▸ **What is needed**
Leaving out the images, repeat all the lines below exactly.

(Beginning of Provided data)

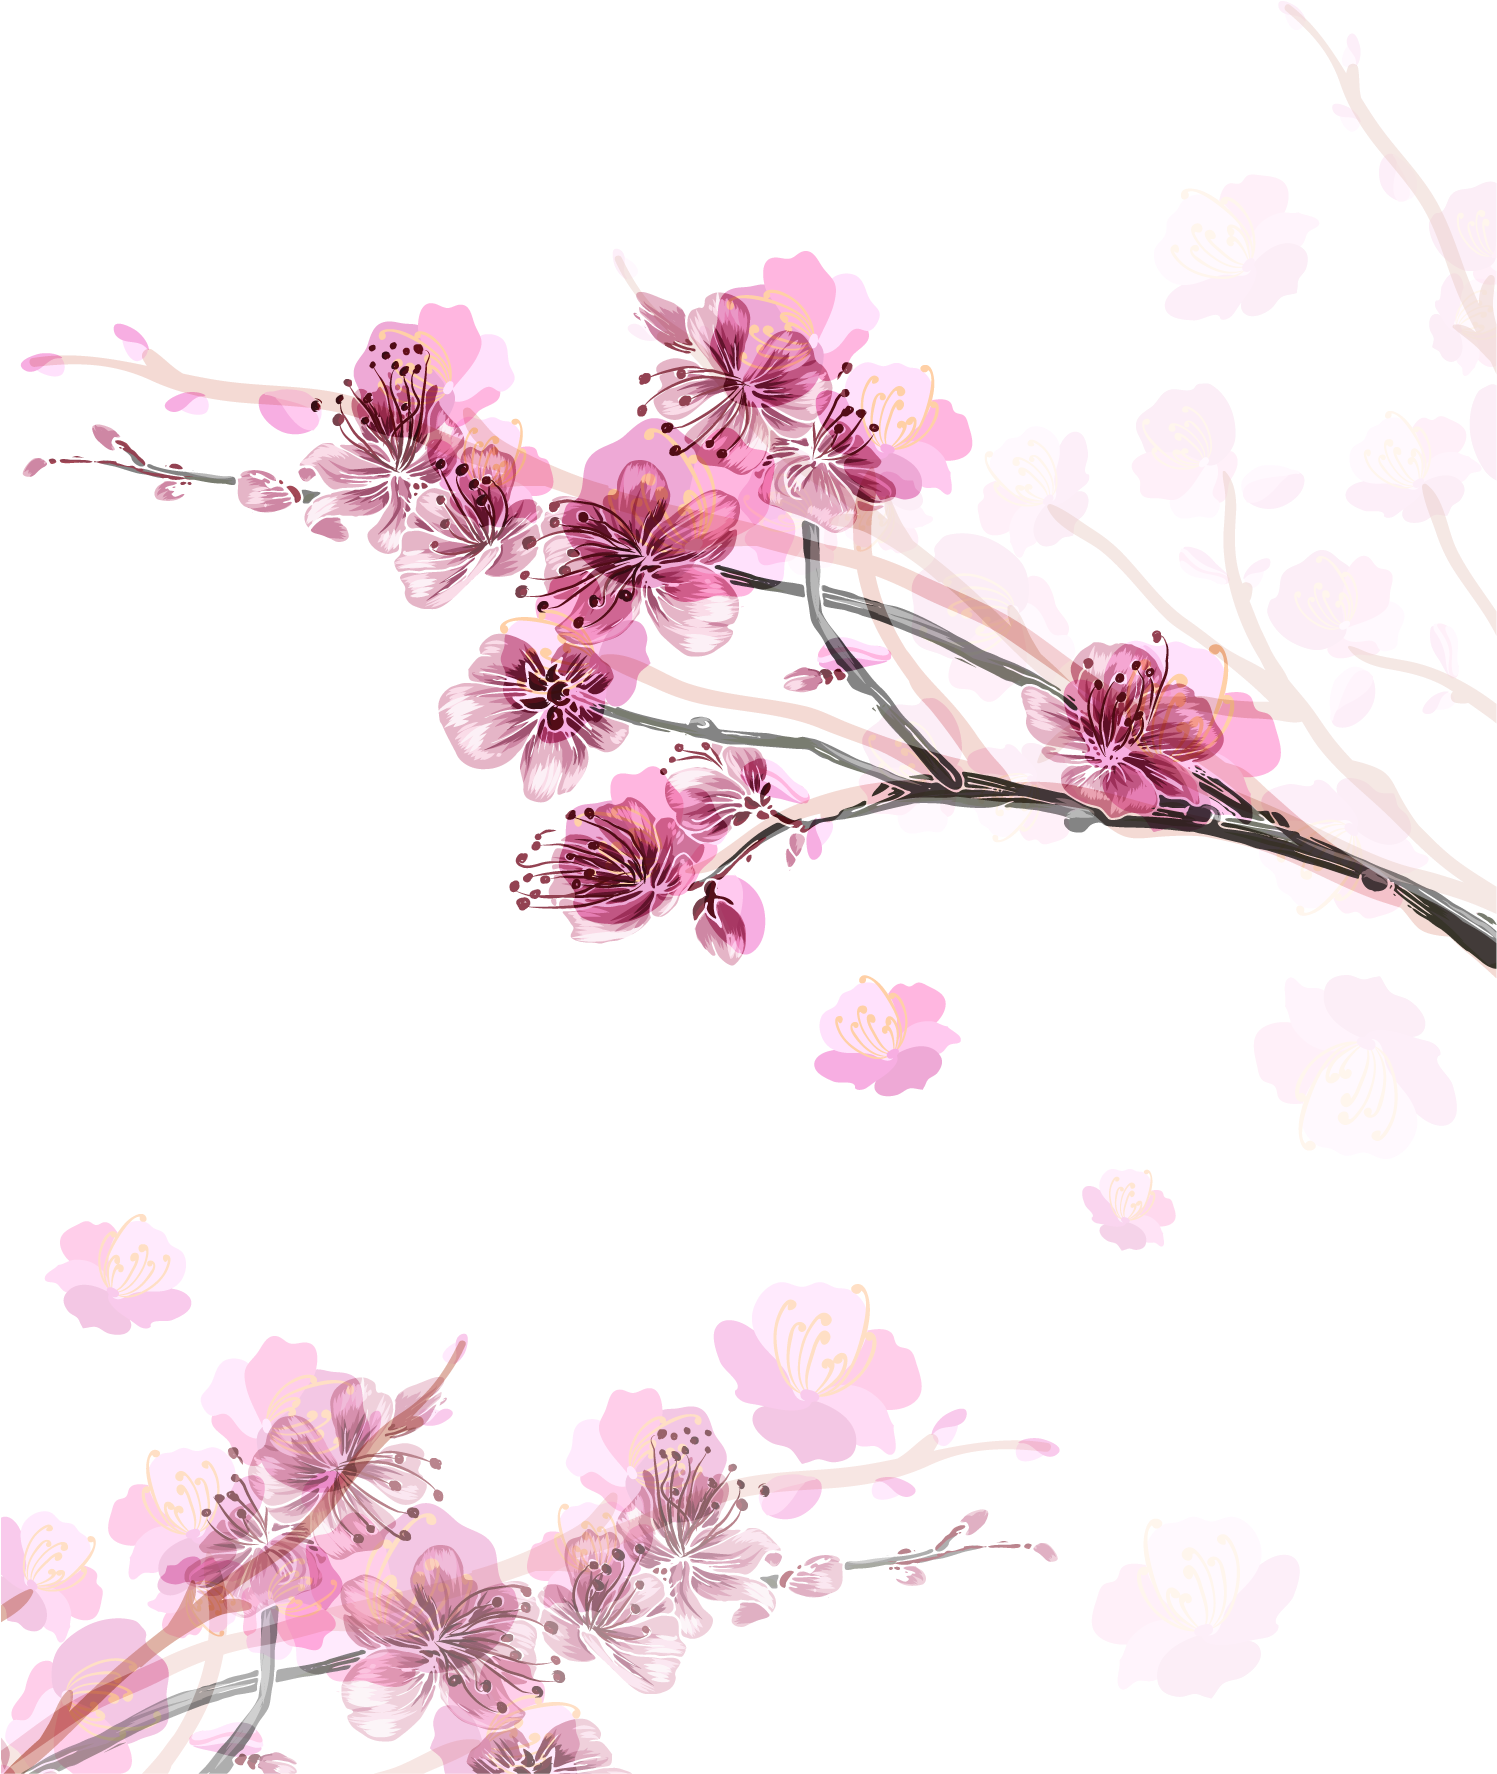 Paper Cherry Blossom Flower - Cherry Blossom Transparent Paper (1500x1836)
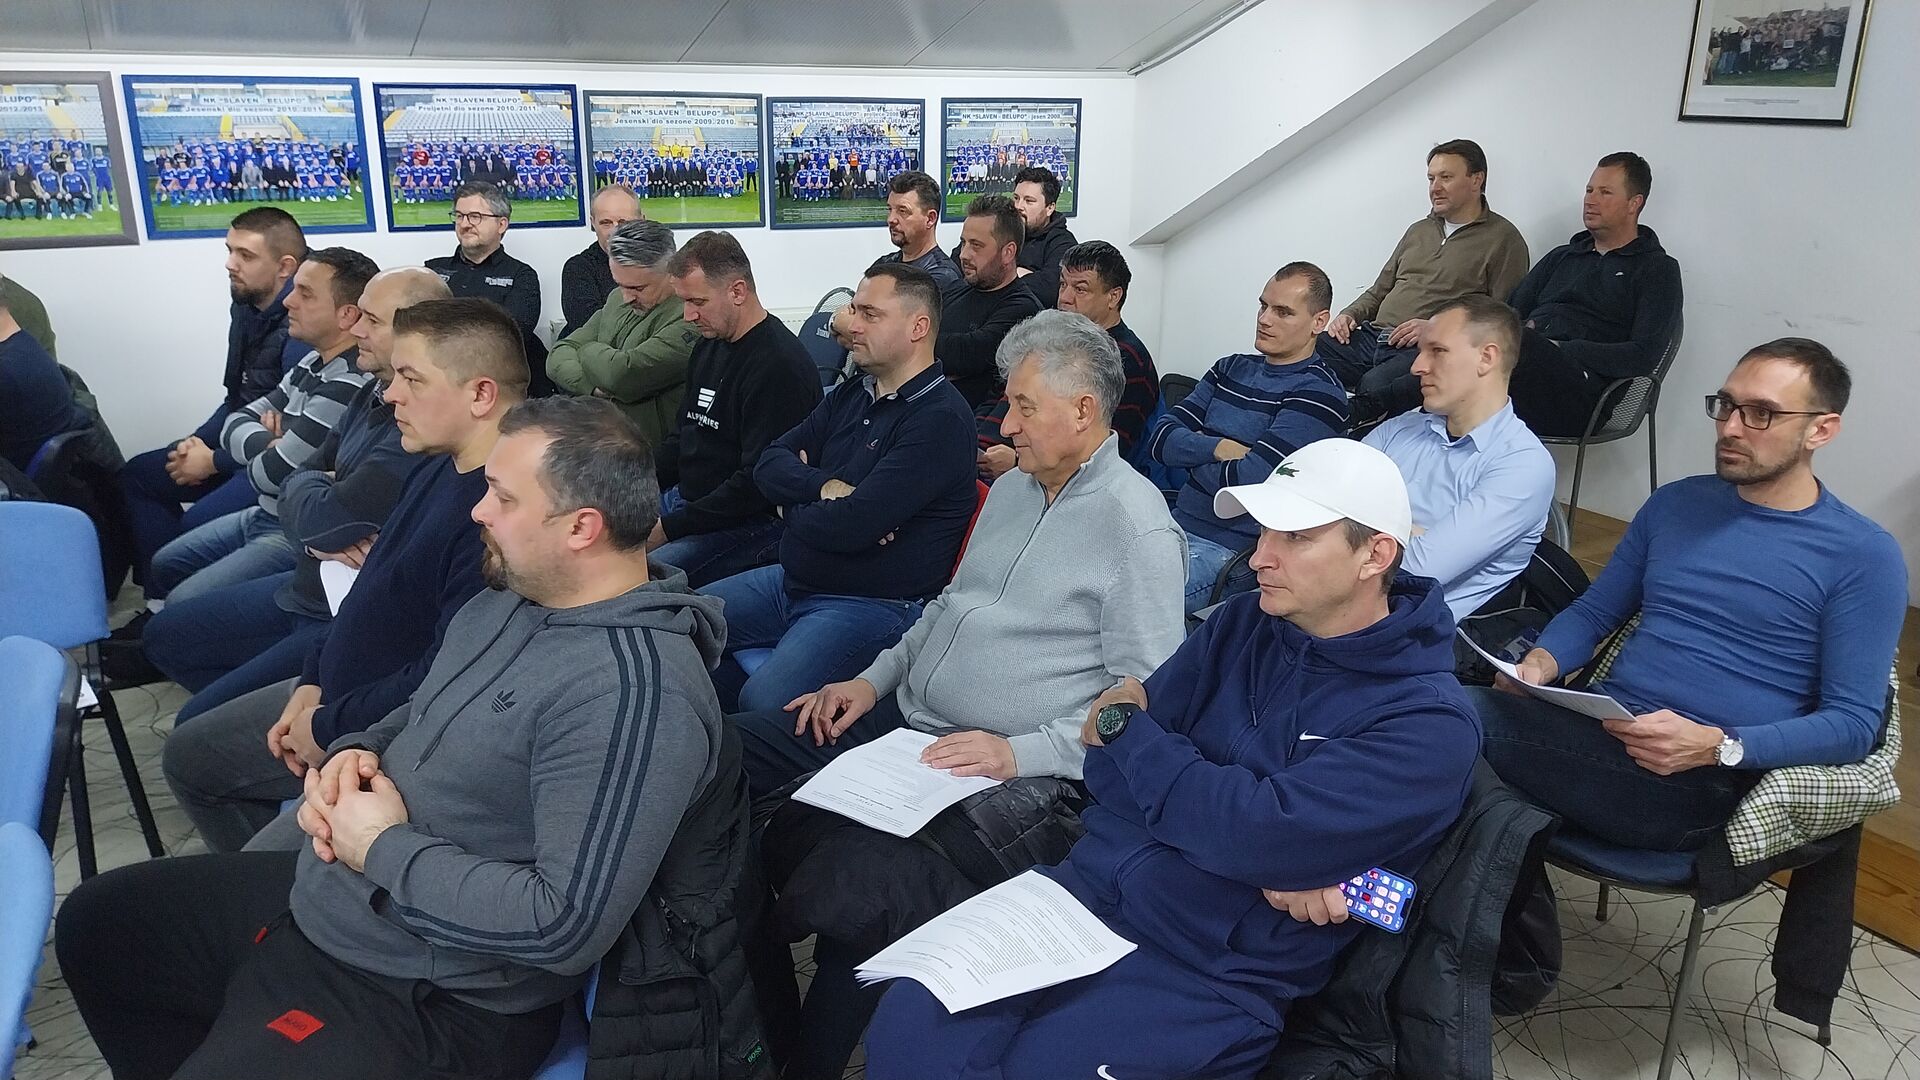 Održana izborna skupština Škole nogometa Grada Koprivnice
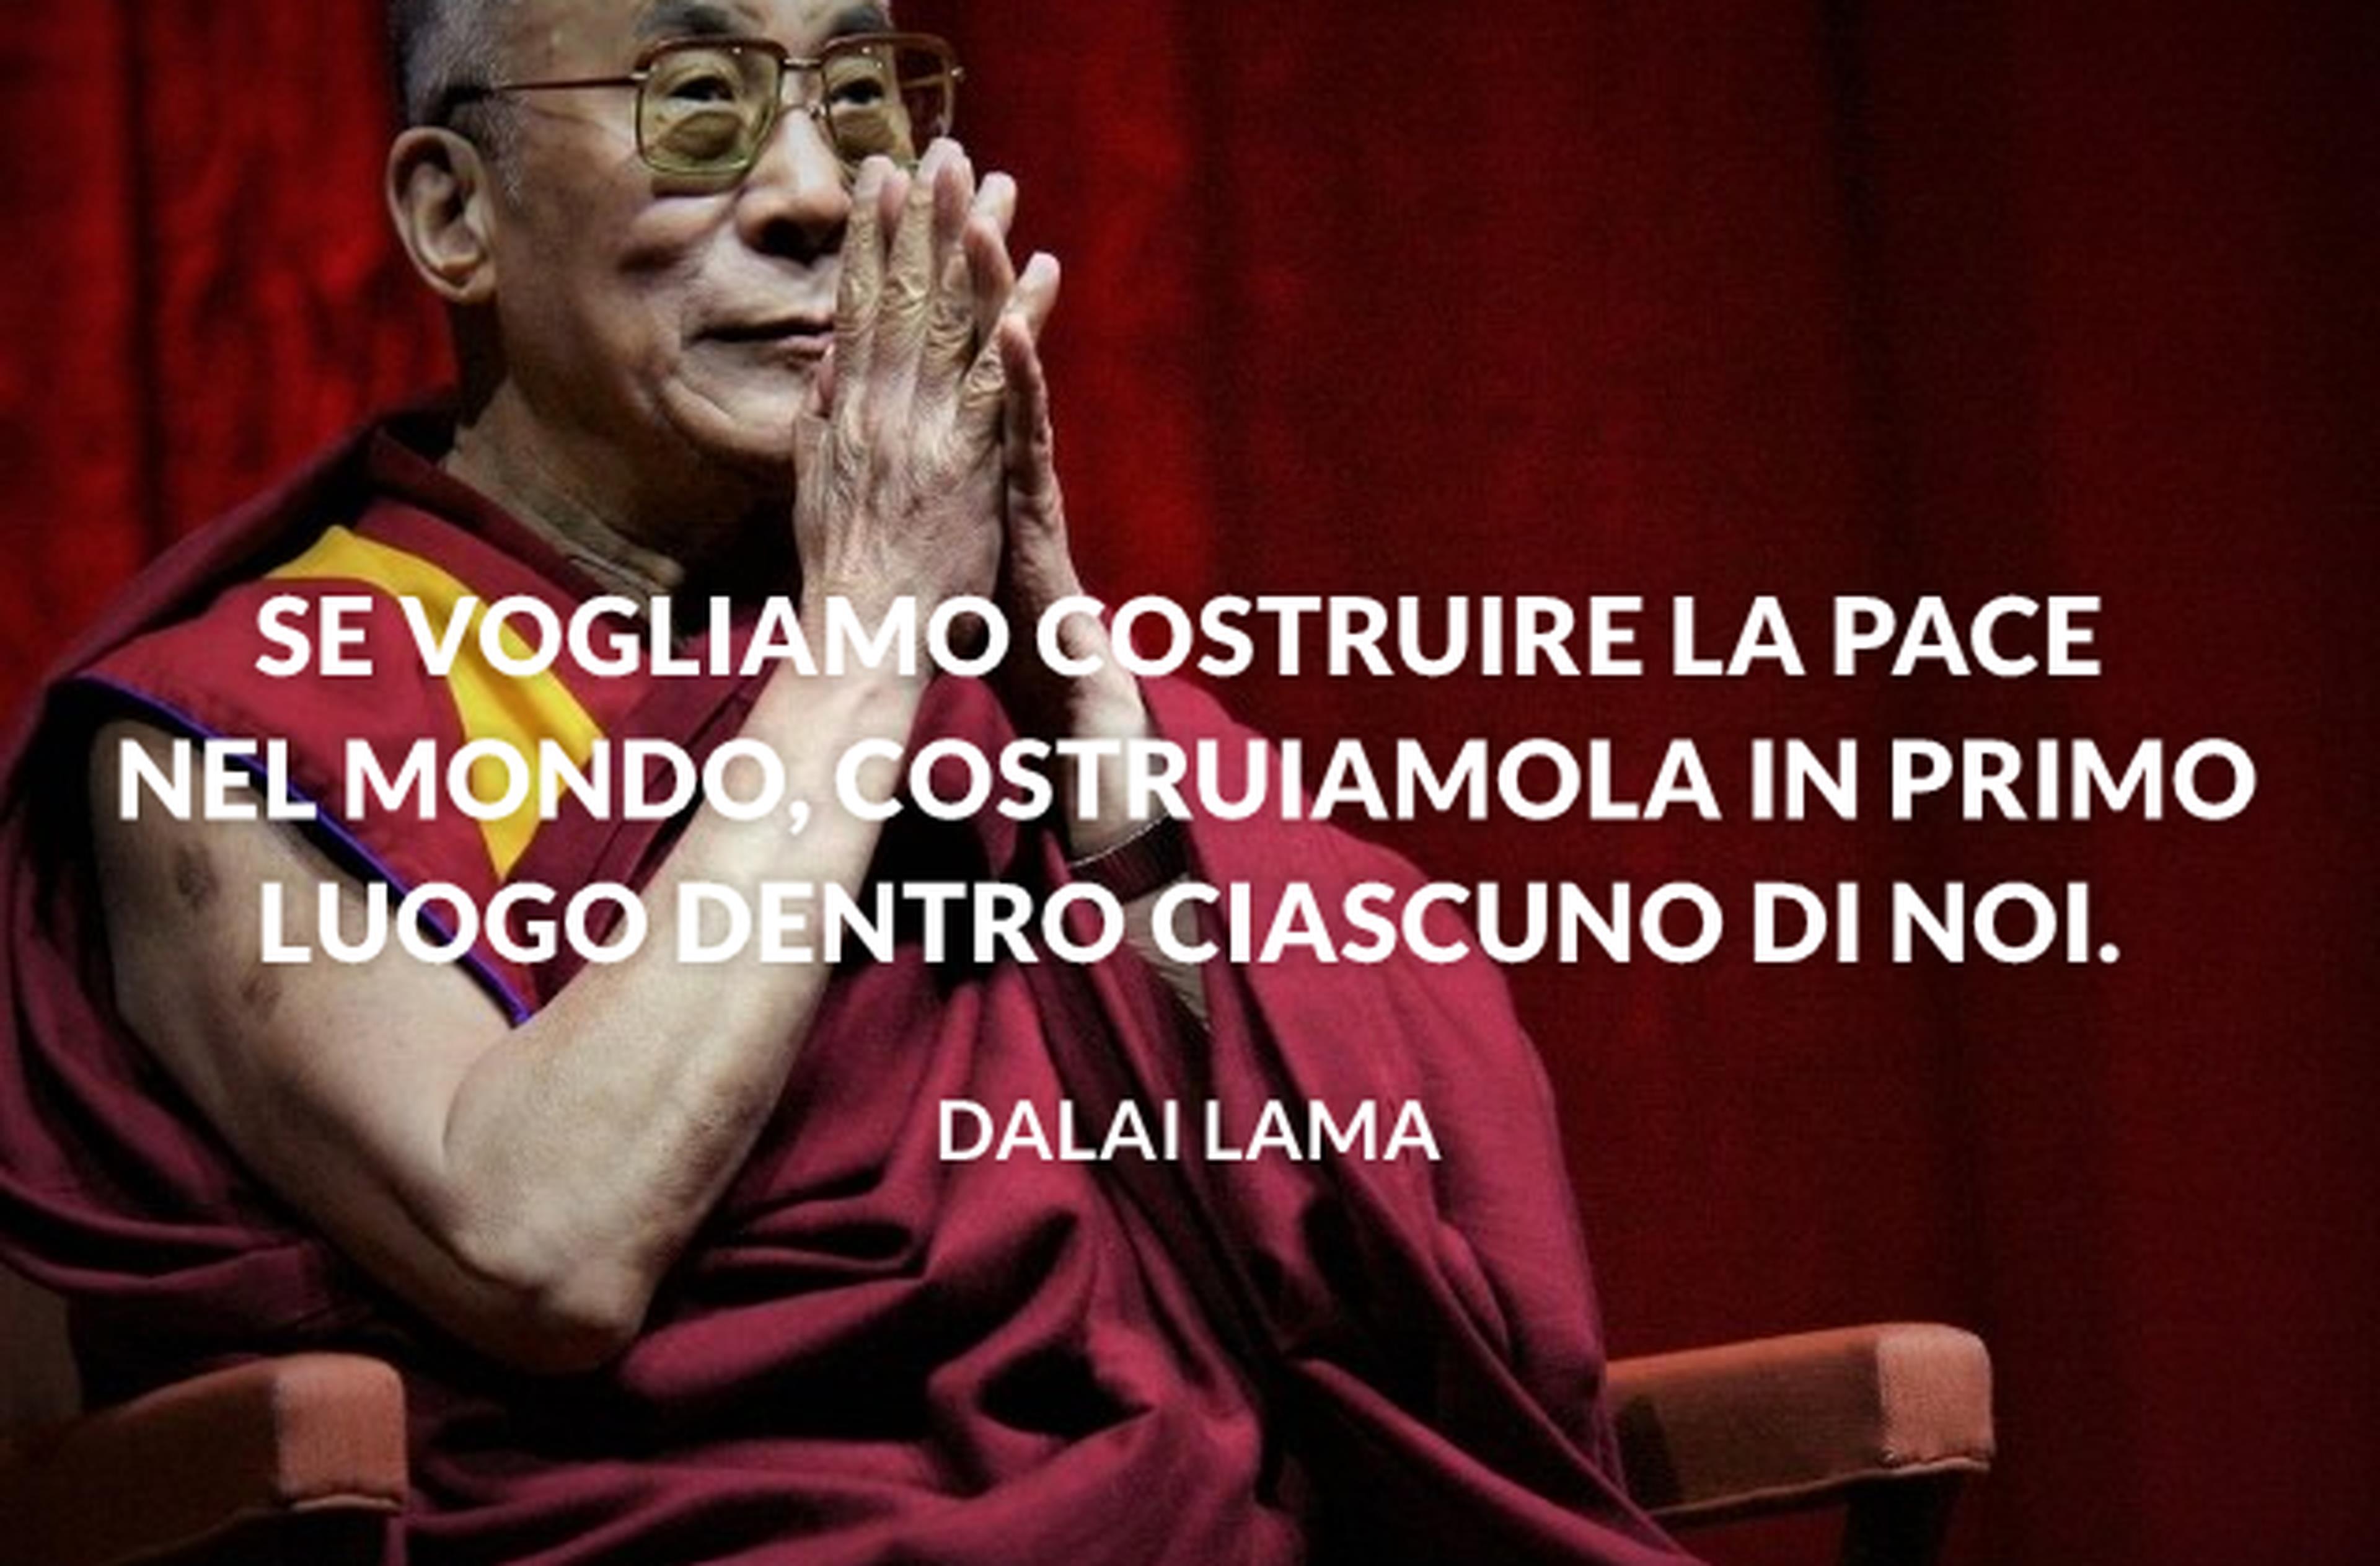 Una selezione di frasi sagge e toccanti del Dalai Lama

(End of Provided data)

▸ **Exercise answer**
 Paper Cherry Blossom Flower - Cherry Blossom Transparent Paper (1500x1836)
 Održana izborna skupština Škole nogometa Grada Koprivnice
 Una selezione di frasi sagge e toccanti del Dalai Lama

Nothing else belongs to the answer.